Talvez apenas autores fantásticos, um Kafka, um Cortázar, busquem nos levar a um território de pura neblina. Mas nós, como bem amestrados adultos, não tratamos de entender com o sangue e esperneamos com dezenas de teses sobre seus contos, em que a História, a Sociologia, a Economia caçam desesperadas a mensagem que o vestibulando pode marcar com um xis. Não digo que não se deva fazer isso. Deve-se lutar com todas as armas, sempre, mas muitas vezes corremos o risco de perder o que acontece no palco por estar de olho nos bastidores.

Deu para notar que me agarrei aos contos de fadas – mais um sinal das dificuldades da literatura infantil, me parece. As obras-primas da adulta têm dono: Sófocles, Rabelais, Cervantes, Shakespeare, Stendhal e tantos outros. Mas e os da infantil? Parece que o melhor produzido até hoje continua sendo os contos de fadas, que são anônimos. Para chegarem à forma definitiva, dependeram de centenas de anos e milhares de pessoas. Quer dizer, para adulto, basta um marmanjo com algum tutano e estamos conversados. Mais: os autores dos contos nem sonhavam que um dia Freud fumaria seu charuto. Outro gol da intuição sobre a razão. Mais ainda: a quantidade. A literatura adulta tem muito mais bons livros do que a infantil. Será mera coincidência?

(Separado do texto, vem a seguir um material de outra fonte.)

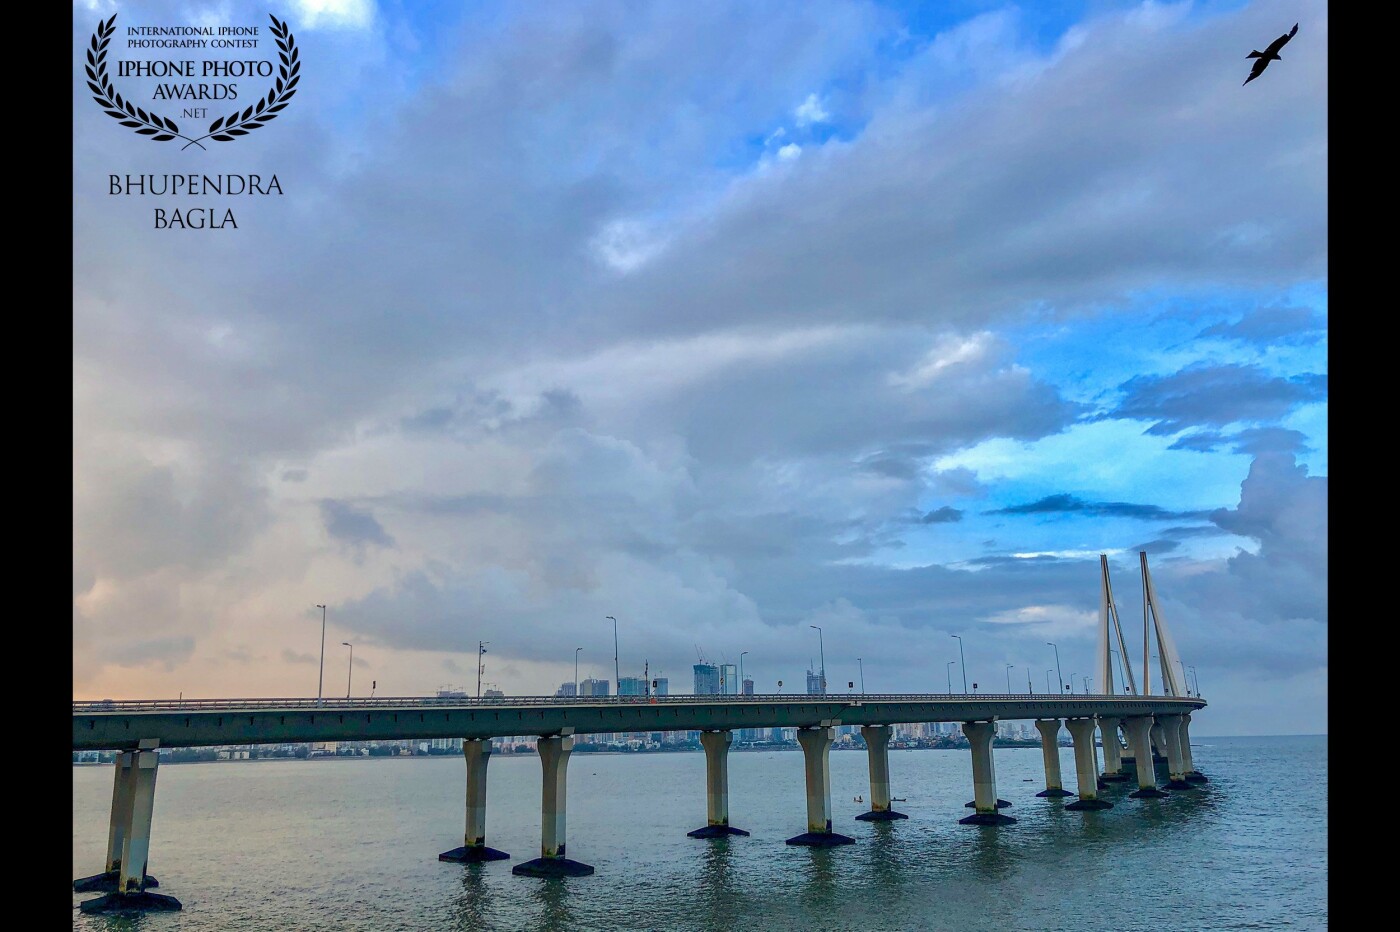 This was shot during my recent trip to Mumbai. I had captured this from the Bandra Fort early morning right after the sunrise. The Mumbai Sea Link Bridge looked really amazing right after the little showers that happened this morning as I had gone to shoot. The clouds and the eagle flying on the top made the perfect moment and I had to capture it. Overall the experience was unforgettable and the whole scene looked quite dramatic to be true.

Posso estar redondamente enganado, mas penso que há mais pedras no caminho da literatura infantil, ou melhor, pedras mais tropeçáveis. Isso, claro, numa conta geral, o que não tem muito a ver com a realidade. Na realidade há um autor e uma história, frente a frente. Adulta ou infantil, tudo dependerá do talento e da sorte. Uns trinta por cento de talento, uns setenta de sorte, digamos com otimismo.

***

Ernani Ssó é autor de Contos de gigantes, Amigos da onça e As lendas urbanas da morte, entre outros. Nasceu em Bom Jesus, RS, num ano de neve. Em 1974 entrou para o jornalismo, porque queria ser escritor. Saiu em 75, pelo mesmo motivo. Tem livros para adultos, mas prefere os infantis, porque são mais difíceis de escrever. Chama-se Ernani por causa de um galã de radionovela e Ssó, esse erro de revisão, de maluco, ou para não se sentir muito sozinho, como disse Mário Quintana.